Поиск предназначения, или Двадцать седьмая теорема этики
Шрифт:
Он спохватился, что ведь запись идет, на пленку, и прикусил язык. Однако, поздно. Идиот, сказал он себе. Кретин.
– Я хочу сказать, тогда шла борьба с космополитизмом, – пояснил он, – ныне осужденная. Культ личности.
– Да, действительно… – медленно проговорил Вениамин Иванович. – Так. Ну, хорошо. Теперь – Каманин Николай Аристархович?
– Уже говорил вам. Книжки его читал. Очень люблю у него «Охотников за невозможным». Рассказы есть у него блистательные. Но лично – незнаком. И даже не видел никогда. Разве что по телеку, но не помню.
–
– Тем более. Значит, и по телеку не видел.
– Но вы ему симпатизировали, правильно я понял? Хотя и заочно, так сказать.
– Да. По всем слухам он был добрый мужик. Любил выпить, любил людям помогать, деньги у него не держались. Заступался… – Он чуть было не ляпнул: «За Бродского»… – за людей. И вообще.

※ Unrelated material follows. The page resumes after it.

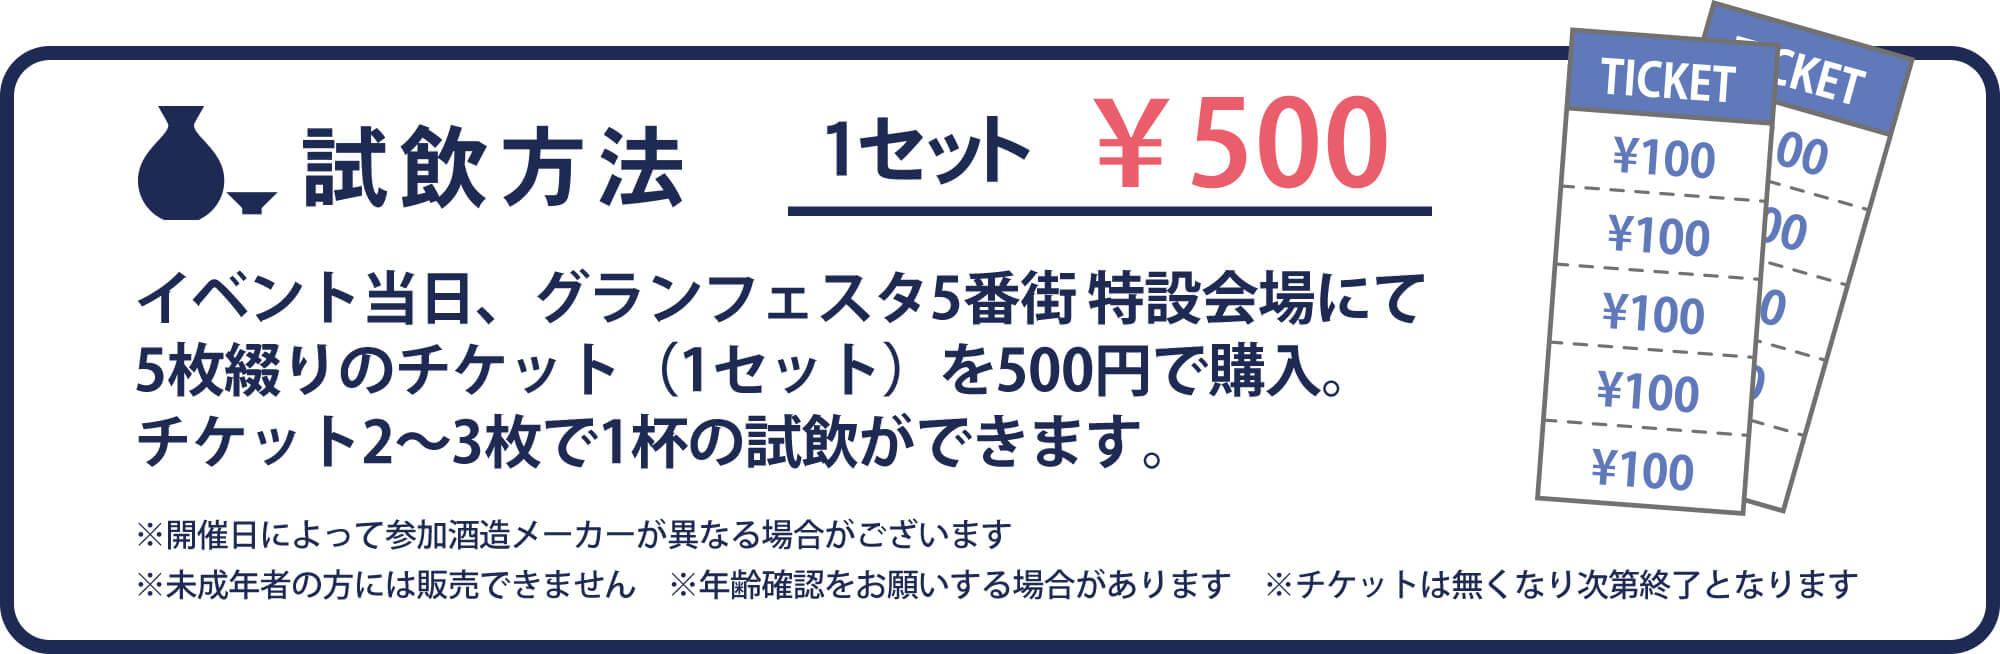 試飲方法 イベント当日、グランフェスタ5番街 特設会場にて5枚綴りのチケット(1セット)を500円で購入。チケット2~3枚で1杯の試飲ができます。
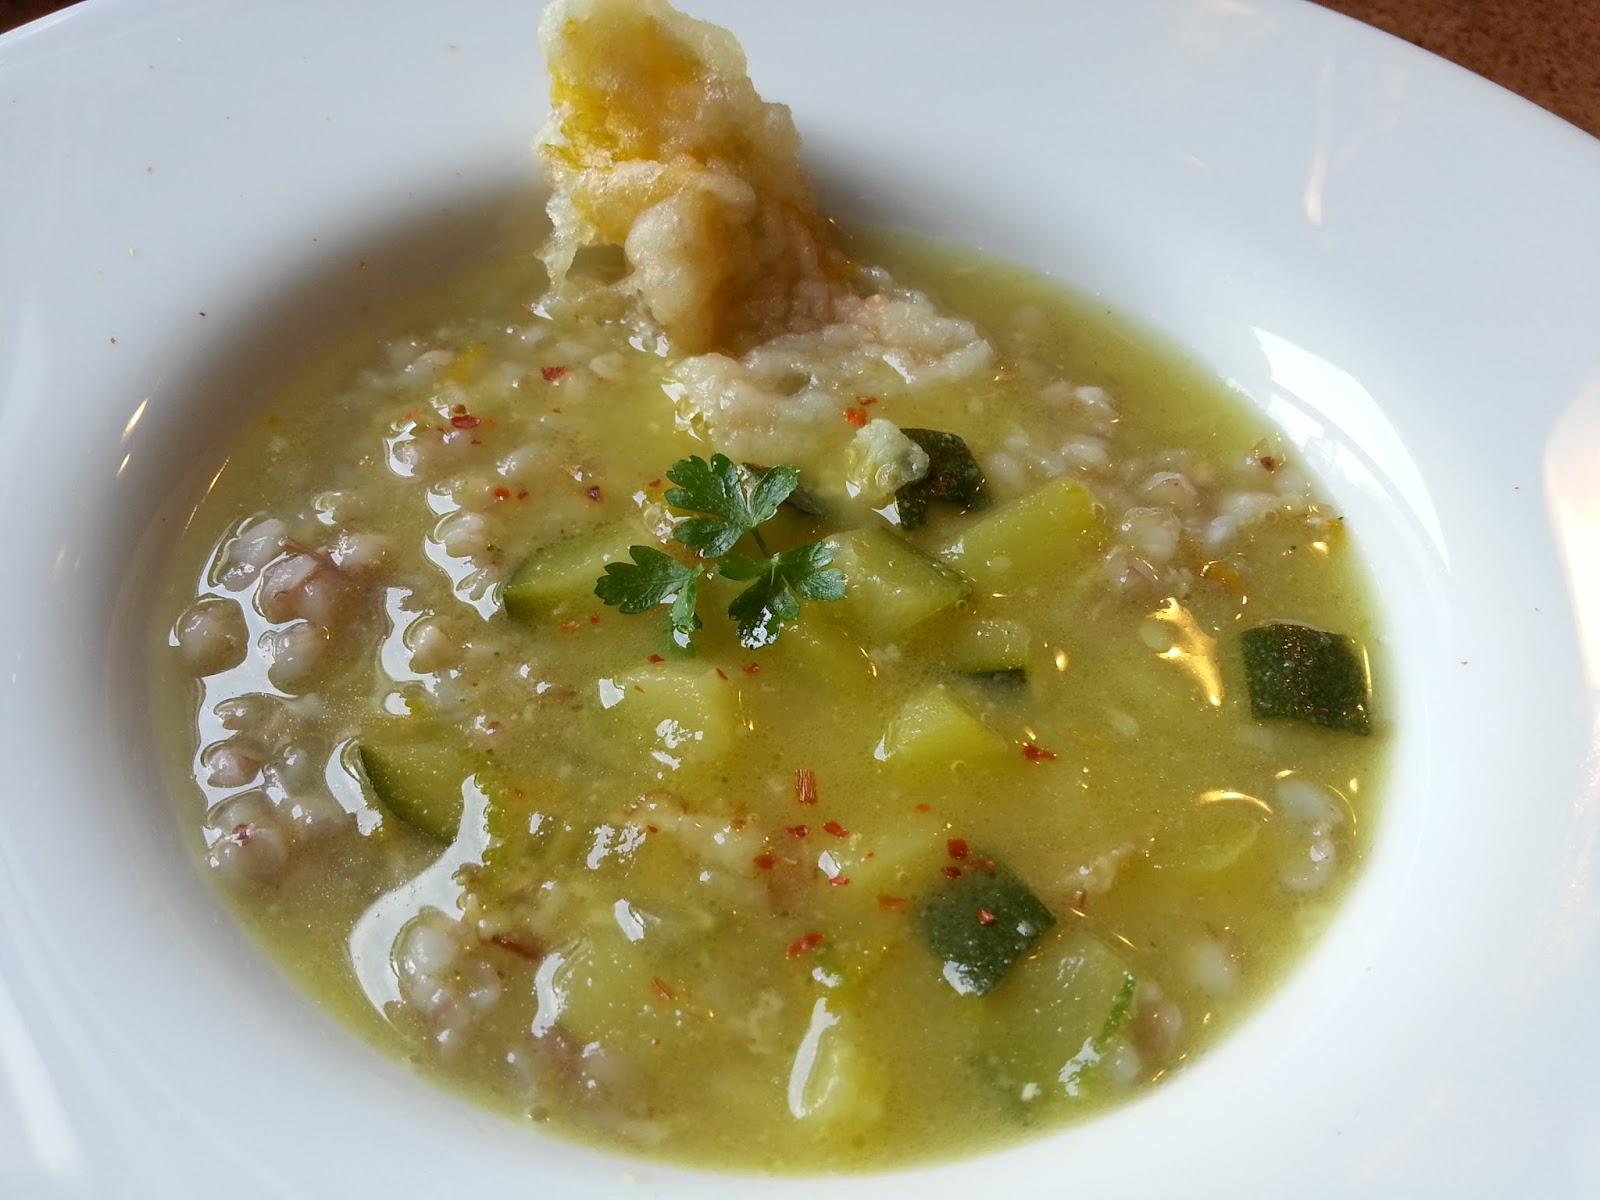 Fatemi cucinare zuppetta di grano saraceno e verdure for Cuocere v cucinare

– Ясно, – сказал Вениамин Иванович почему-то с разочарованием в голосе и продолжил. – Теперь – Гугнюк Николай Остапович.
– Как?
– Гугнюк. Николай Остапович.
– Первый раз слышу. Он кто?
– А Берман Амалия Михайловна?
– Амалия Михайловна? У нас тут в квартире девятнадцать жила Амалия Михайловна. Но я не уверен, что она Берман.
– Это вы о ней пишете в вашем романе?
– Да. Только это не роман. И не повесть даже. Это – рассказ.
– Ну да? – поразился Вениамин Иванович. – Такой большой?
– Это не мое мнение. Это мнение редколлегии.
– Понятно. Значит, Амалия ваша Михайловна это лицо реальное?
– Абсолютно. Все, что про нее написано – сущая правда. Она умерла лет десять назад, а то могли бы у нее сами спросить.
– Да. Я знаю. И очень жалею, что ее нет. Она бы, наверное, могла бы нам кое-что интересное рассказать… Ну, ладно. А знаком ли вам Габуния Иван Захарович?
Станислав не удержался – поморщился.
– Ну да. Ну, ходил к нам он одно время… В общем, да. Знаком. Он помер, по-моему, уже…
– Я вижу, вы не очень-то к нему благоволили?
– А вам какая разница?.. Слушайте, а к чему все эти вопросы? Может, вы мне прямо и ясно скажете, в чем дело?
Тут Вениамин Иванович словно сорвался:
– Да обязательно! – вскричал он с непонятной какой-то досадой. – Скажу, и обязательно. Только – потом. Я, можно сказать, потому и терзаю вас сейчас, чтобы понять, как… КАК, черт возьми, рассказать вам суть, чтобы вы поняли и поверили. Если я прямо сейчас вот, с ходу, все вам выложу, вы просто пошлете меня подальше, и никакого разговора не получится. А мне надо, чтобы получился!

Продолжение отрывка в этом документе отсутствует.